The paper does not involve formal theoretical proofs or derivations, which is appropriate given its focus on clinical application and experimental demonstration.

实验设计与分析

The experimental design is well-constructed and thoroughly detailed, providing confidence in the validity of the analyses performed. The paper clearly explains the procedure for data collection, annotation, and the subsequent generation of clinical question-answer pairs. The evaluation is comprehensive, with proper consideration given to both visual interpretation and neurocognitive outcome prediction tasks. Each experiment is designed to test specific aspects of the proposed Clinical Graph of Thoughts (CGoT) model, and the results are transparently presented. Overall, the experimental design and analysis section is robust and leaves little room for ambiguity regarding the scientific claims.

补充材料

The supplementary material has been carefully reviewed and does not raise any issues.

与现有文献的关系

The paper makes a significant contribution by providing a benchmark that is closely aligned with real-world clinical applications. By incorporating a dataset sourced from relevant clinical settings and focusing on professional-level medical reasoning, the work fills an important gap in the literature on medical visual question answering. It relates well to prior studies in clinical diagnosis while also expanding the scope by integrating both imaging and clinical data for neurocognitive outcome prediction. The proposed CGoT model builds upon existing concepts in LVLMs and adapts them with domain-specific insights, further positioning the work within the broader scientific discourse. Overall, the paper successfully bridges the gap between academic research and clinical practice.

遗漏的重要参考文献

No

其他优缺点

One potential concern is that the paper mentions the dataset is sourced from Massachusetts General Hospital, which might conflict with the anonymity requirements of a double-blind review process. This detail could inadvertently reveal the institution behind the dataset, thereby compromising the anonymity of the submission. Aside from this, the paper is strong in its methodological design and clinical relevance. The combination of long-term data collection, expert annotations, and integrated clinical reasoning within the model is highly commendable. Addressing the anonymity issue explicitly would help mitigate any ethical or procedural concerns.

其他意见或建议

Figure 3 could be improved as the current design allows for some overlap between images and text, which hampers clarity. A clearer layout that avoids any overlap will improve both readability and the overall presentation of the results. The authors might consider revising the figure with better spacing or annotations to ensure that all visual elements are distinct and easy to interpret. Enhancing the visual quality here would further support the clarity of the paper's contribution. Overall, this is a minor presentation issue that, once fixed, will polish an otherwise well-structured paper.

作者回复

We thank reviewer's constructive feedback; we have addressed your concerns below.

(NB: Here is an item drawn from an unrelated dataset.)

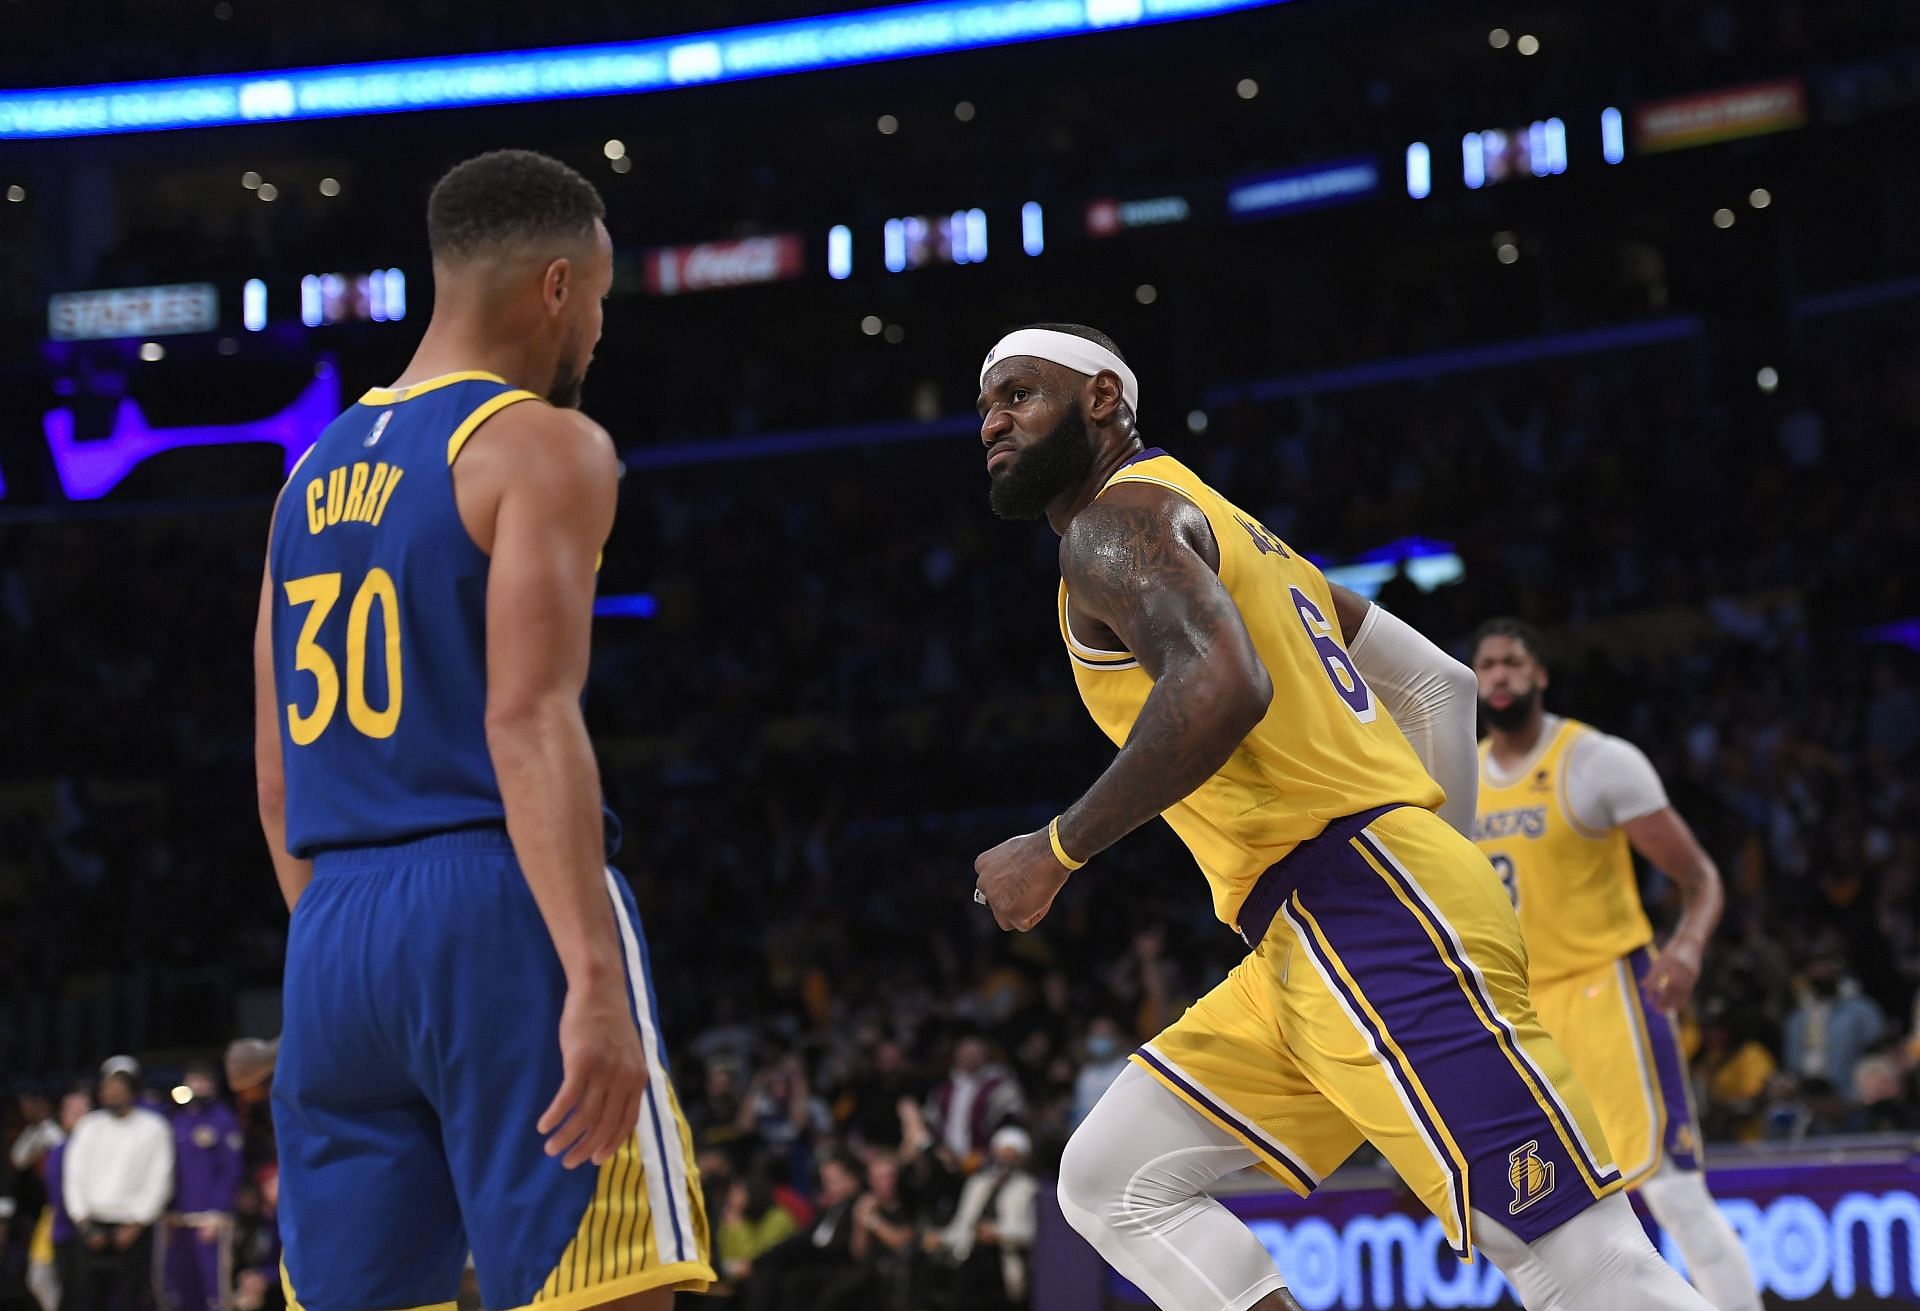 LeBron James of the LA Lakers against Steph Curry of the Golden State Warriors

Q1. One potential concern is that the paper mentions the dataset is sourced from Massachusetts General Hospital, which might conflict with the anonymity requirements of a double-blind review process. This detail could inadvertently reveal the institution behind the dataset, thereby compromising the anonymity of the submission. Aside from this, the paper is strong in its methodological design and clinical relevance. The combination of long-term data collection, expert annotations, and integrated clinical reasoning within the model is highly commendable. Addressing the anonymity issue explicitly would help mitigate any ethical or procedural concerns.

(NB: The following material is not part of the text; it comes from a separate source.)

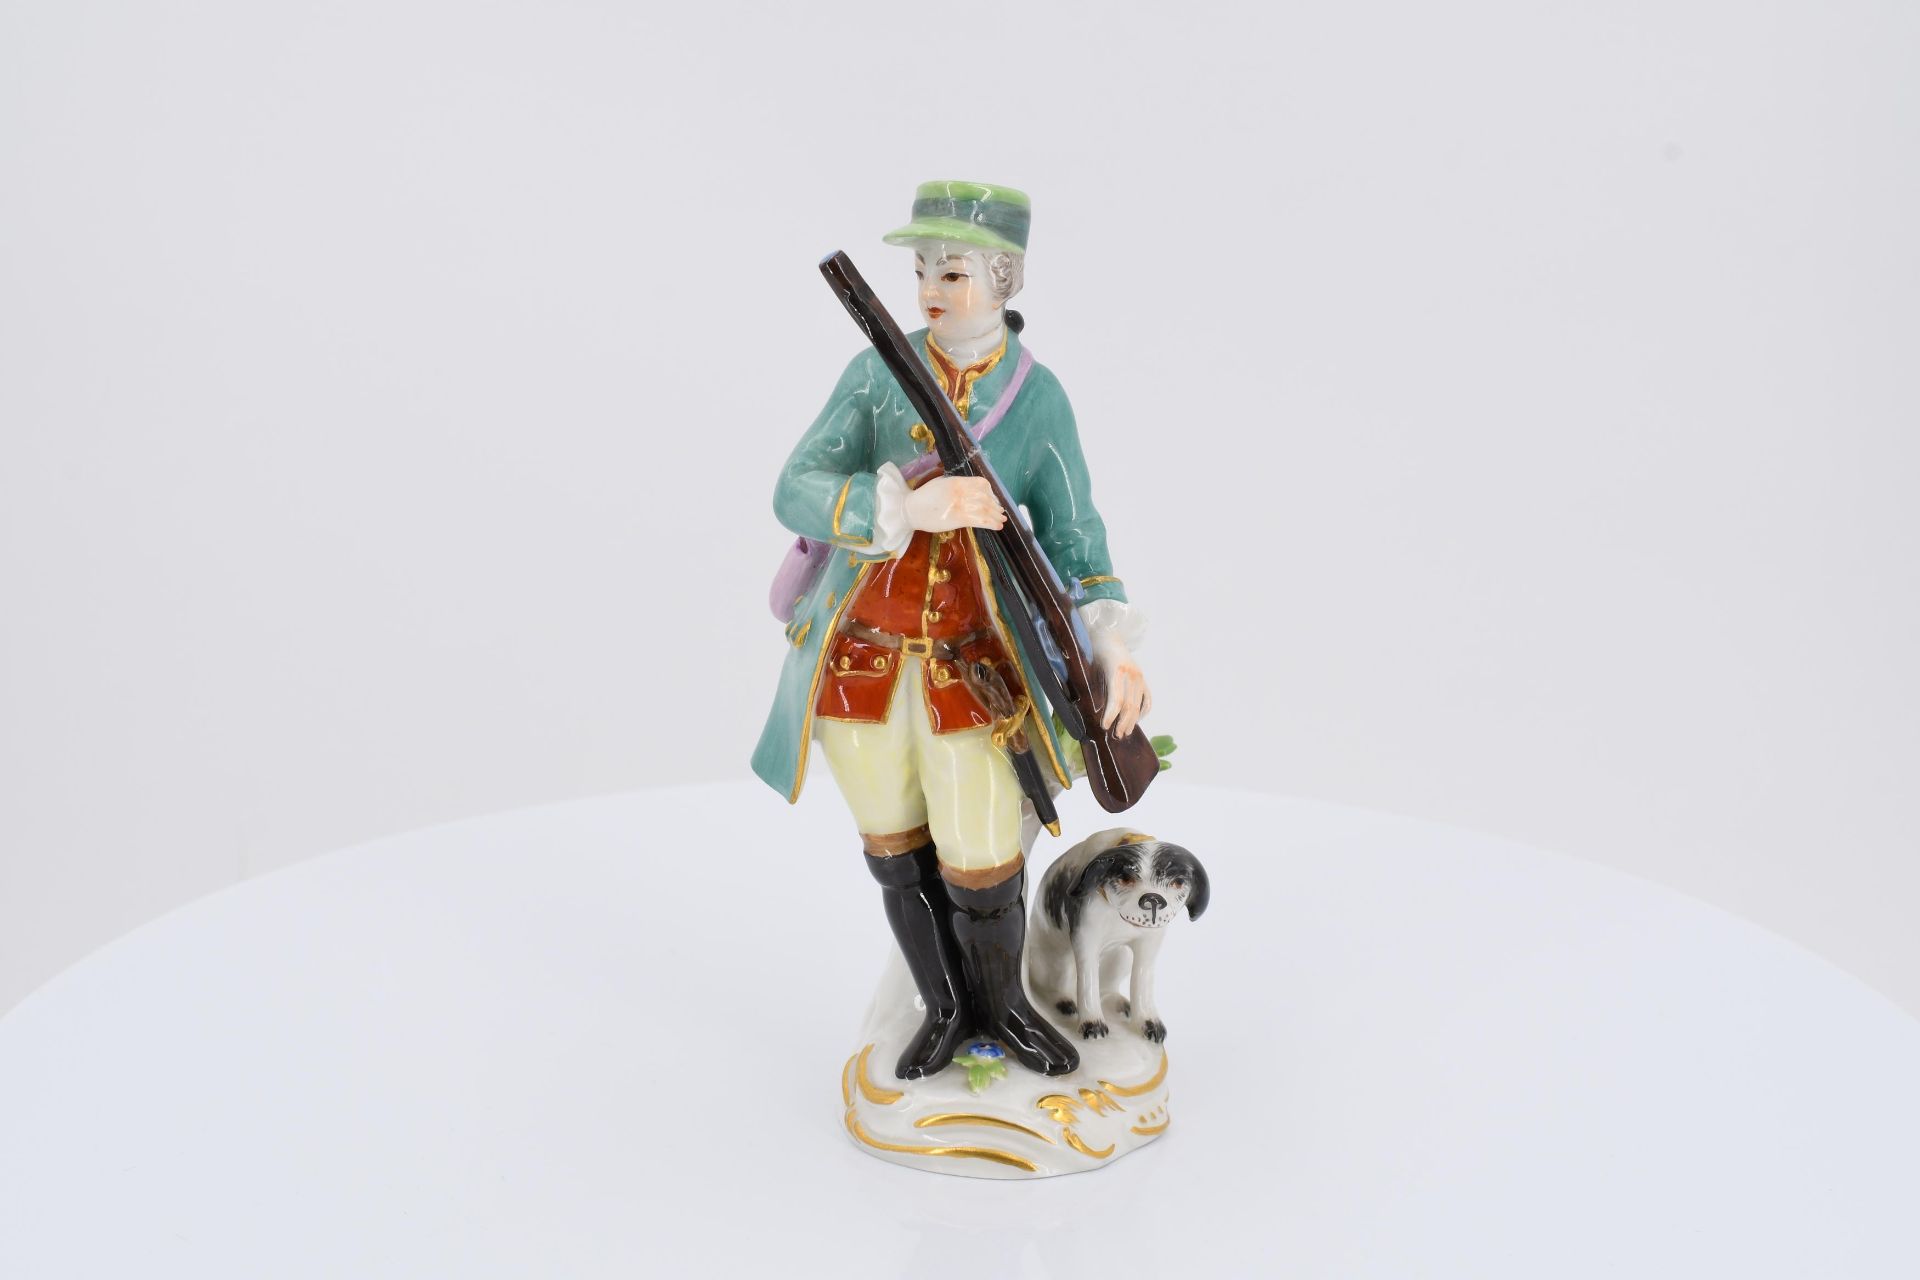 Porcelain figurine of hunter with musket and dog - Image 2 of 6

Thanks for recognizing the value of our dataset and method. We further address the anonymity issue here. While the dataset used in this study originates from Massachusetts General Hospital (MGH) and was collected and shared under appropriate IRB approvals, this does not imply that the research was conducted by or on behalf of MGH, but just provide that we can collect the HIE specific data from one of the best hospitals in the world, with the most professional clinical knowledge of HIE on the world. The use of the MGH dataset was independent of any institutional affiliation and does not reveal the authors' identities.

Moreover, before submission, we have carefully reviewed the manuscript to ensure that any potentially identifying references to the authors' institutions have been removed or anonymized to comply fully with double-blind review requirements. We will restore the appropriate acknowledgments and dataset provenance upon acceptance, as per standard publishing practice.

Q2. Figure 3 could be improved as the current design allows for some overlap between images and text, which hampers clarity. A clearer layout that avoids any overlap will improve both readability and the overall presentation of the results. The authors might consider revising the figure with better spacing or annotations to ensure that all visual elements are distinct and easy to interpret. Enhancing the visual quality here would further support the clarity of the paper's contribution. Overall, this is a minor presentation issue that, once fixed, will polish an otherwise well-structured paper.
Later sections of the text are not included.